[Problem to solve] Scan the material below for the string "Green". Report every line that has it.

[Records for the task]
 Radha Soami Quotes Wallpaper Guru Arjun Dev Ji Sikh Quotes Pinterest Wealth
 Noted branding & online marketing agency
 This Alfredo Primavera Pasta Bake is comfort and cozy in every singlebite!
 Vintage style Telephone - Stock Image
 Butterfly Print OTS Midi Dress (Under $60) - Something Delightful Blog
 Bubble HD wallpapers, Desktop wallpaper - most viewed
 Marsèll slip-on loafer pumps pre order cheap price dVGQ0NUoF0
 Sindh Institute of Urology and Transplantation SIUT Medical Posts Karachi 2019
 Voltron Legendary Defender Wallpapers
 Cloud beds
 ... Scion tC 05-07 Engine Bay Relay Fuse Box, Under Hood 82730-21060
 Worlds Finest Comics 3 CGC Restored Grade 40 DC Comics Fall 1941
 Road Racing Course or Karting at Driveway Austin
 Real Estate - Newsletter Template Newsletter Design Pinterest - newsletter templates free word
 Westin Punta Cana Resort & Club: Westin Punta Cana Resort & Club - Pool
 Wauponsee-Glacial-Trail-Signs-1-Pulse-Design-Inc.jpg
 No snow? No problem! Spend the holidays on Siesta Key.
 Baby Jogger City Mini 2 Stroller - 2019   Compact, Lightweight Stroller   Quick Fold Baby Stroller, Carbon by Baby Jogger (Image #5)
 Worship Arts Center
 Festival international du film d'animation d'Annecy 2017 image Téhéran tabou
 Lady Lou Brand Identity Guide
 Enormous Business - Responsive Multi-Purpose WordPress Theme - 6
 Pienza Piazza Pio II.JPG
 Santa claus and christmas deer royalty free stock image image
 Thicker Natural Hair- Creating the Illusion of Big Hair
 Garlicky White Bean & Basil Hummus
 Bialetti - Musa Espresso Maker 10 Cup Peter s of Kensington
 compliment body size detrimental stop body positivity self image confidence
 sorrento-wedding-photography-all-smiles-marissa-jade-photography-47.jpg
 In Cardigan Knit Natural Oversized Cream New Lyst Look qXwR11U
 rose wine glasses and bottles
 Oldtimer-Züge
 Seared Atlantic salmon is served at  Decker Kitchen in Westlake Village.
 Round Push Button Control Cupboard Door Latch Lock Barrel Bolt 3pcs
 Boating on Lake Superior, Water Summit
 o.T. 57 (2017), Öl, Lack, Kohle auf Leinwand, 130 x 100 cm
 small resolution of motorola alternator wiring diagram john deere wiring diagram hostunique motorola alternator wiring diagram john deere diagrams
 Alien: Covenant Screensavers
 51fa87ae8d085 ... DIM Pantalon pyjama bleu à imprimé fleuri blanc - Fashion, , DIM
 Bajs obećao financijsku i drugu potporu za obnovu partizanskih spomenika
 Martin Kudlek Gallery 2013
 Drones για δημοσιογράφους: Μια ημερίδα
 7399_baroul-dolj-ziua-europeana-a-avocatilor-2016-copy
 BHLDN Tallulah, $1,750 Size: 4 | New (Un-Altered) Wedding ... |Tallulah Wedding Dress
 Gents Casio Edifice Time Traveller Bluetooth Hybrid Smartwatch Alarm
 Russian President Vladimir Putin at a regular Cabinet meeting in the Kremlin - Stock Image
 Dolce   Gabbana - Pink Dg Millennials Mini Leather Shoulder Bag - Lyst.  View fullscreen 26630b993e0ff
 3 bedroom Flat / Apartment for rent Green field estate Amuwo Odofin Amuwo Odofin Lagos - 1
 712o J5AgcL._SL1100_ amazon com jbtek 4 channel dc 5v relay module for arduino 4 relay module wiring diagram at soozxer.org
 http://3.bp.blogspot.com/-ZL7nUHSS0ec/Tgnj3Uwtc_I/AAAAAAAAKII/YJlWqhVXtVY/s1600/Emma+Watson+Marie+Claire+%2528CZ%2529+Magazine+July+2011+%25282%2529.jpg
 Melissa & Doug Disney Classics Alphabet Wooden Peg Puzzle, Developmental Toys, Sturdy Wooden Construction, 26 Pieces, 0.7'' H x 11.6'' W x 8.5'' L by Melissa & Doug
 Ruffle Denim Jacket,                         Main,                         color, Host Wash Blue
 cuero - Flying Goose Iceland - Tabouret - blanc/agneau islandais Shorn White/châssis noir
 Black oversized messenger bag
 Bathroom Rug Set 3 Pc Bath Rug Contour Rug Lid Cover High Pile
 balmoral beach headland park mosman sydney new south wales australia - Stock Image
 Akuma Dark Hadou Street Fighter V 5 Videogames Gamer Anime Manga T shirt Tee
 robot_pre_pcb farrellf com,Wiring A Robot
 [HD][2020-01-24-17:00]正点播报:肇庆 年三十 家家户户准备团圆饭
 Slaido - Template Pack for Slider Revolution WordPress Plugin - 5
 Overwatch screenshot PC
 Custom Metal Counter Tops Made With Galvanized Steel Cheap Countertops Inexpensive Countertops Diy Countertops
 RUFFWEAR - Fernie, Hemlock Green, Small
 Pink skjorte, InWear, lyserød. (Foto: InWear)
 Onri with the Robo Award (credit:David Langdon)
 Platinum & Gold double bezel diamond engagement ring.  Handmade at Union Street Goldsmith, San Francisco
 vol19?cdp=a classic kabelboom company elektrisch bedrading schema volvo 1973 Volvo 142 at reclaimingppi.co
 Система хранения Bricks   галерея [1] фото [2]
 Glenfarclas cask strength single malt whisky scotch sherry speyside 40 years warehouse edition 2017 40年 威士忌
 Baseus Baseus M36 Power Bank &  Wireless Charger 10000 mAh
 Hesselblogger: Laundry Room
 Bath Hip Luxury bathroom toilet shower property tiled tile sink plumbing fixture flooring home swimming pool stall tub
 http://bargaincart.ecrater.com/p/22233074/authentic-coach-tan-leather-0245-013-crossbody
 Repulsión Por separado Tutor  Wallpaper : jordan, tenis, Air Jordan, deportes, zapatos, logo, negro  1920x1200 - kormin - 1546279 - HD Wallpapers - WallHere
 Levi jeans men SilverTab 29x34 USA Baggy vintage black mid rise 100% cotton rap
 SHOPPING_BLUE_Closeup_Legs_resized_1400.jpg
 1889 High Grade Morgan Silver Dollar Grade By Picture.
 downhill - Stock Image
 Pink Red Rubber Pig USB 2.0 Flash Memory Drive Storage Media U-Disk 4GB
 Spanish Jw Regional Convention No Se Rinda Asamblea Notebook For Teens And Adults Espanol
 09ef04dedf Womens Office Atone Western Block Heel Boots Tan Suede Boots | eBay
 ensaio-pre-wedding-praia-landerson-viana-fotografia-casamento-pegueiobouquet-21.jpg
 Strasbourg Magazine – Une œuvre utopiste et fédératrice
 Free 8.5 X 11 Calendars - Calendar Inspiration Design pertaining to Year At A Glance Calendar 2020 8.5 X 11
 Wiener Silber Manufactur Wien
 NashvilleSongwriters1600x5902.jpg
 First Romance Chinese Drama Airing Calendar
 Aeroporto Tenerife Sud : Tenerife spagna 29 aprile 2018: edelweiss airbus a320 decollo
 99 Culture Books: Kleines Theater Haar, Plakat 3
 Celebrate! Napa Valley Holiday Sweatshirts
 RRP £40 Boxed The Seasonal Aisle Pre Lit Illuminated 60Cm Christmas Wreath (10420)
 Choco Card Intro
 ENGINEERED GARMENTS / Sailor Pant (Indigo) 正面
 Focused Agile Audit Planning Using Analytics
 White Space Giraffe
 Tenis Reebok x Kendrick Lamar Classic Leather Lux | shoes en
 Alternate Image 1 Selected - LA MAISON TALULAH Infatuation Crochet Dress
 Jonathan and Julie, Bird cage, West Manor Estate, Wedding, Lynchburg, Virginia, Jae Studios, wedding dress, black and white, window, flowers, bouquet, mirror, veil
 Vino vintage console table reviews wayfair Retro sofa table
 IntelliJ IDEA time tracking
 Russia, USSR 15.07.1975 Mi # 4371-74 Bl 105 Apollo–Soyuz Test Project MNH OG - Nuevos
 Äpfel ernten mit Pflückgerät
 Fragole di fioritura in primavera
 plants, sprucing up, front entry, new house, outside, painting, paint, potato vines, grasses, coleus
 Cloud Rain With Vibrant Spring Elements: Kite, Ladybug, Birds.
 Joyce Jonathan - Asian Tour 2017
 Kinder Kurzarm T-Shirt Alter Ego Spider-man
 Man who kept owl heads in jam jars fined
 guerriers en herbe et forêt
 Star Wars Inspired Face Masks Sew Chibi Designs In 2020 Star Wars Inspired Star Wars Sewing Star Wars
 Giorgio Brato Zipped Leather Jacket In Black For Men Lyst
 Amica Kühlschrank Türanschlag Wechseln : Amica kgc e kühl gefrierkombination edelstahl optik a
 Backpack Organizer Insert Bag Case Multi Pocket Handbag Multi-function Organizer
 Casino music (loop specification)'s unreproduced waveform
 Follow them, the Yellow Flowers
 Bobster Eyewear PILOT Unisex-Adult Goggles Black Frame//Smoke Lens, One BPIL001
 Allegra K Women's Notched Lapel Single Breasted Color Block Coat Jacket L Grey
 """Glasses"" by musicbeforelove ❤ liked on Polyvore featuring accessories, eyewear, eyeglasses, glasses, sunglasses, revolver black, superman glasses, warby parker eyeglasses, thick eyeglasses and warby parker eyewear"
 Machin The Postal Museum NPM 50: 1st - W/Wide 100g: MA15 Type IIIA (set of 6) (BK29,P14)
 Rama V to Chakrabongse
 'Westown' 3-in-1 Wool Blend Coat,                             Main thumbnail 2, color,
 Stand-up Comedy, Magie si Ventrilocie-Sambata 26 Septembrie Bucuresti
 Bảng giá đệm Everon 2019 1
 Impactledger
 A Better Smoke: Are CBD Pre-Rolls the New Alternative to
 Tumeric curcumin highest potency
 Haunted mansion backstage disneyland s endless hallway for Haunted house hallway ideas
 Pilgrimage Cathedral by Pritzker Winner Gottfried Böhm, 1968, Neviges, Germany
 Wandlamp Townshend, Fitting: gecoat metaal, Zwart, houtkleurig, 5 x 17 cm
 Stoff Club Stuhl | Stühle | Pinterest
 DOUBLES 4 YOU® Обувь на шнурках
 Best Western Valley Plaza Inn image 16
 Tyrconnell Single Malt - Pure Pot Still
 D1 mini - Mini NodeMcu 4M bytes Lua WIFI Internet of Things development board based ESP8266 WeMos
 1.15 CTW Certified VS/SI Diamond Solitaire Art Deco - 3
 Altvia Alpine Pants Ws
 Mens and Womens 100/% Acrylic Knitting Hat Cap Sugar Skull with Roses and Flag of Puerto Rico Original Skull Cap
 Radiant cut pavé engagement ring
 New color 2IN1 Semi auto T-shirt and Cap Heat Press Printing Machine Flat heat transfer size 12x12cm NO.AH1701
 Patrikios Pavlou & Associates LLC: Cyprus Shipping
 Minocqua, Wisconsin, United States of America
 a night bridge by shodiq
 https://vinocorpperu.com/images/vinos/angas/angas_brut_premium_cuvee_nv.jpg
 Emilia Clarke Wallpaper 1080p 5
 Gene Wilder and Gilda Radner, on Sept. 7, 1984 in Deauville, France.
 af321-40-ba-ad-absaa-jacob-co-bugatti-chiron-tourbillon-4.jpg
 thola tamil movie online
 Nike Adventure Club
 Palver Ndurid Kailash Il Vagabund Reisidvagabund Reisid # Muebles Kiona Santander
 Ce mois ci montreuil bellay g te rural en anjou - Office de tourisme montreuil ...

[Result of the task]
 3 bedroom Flat / Apartment for rent Green field estate Amuwo Odofin Amuwo Odofin Lagos - 1
 RUFFWEAR - Fernie, Hemlock Green, Small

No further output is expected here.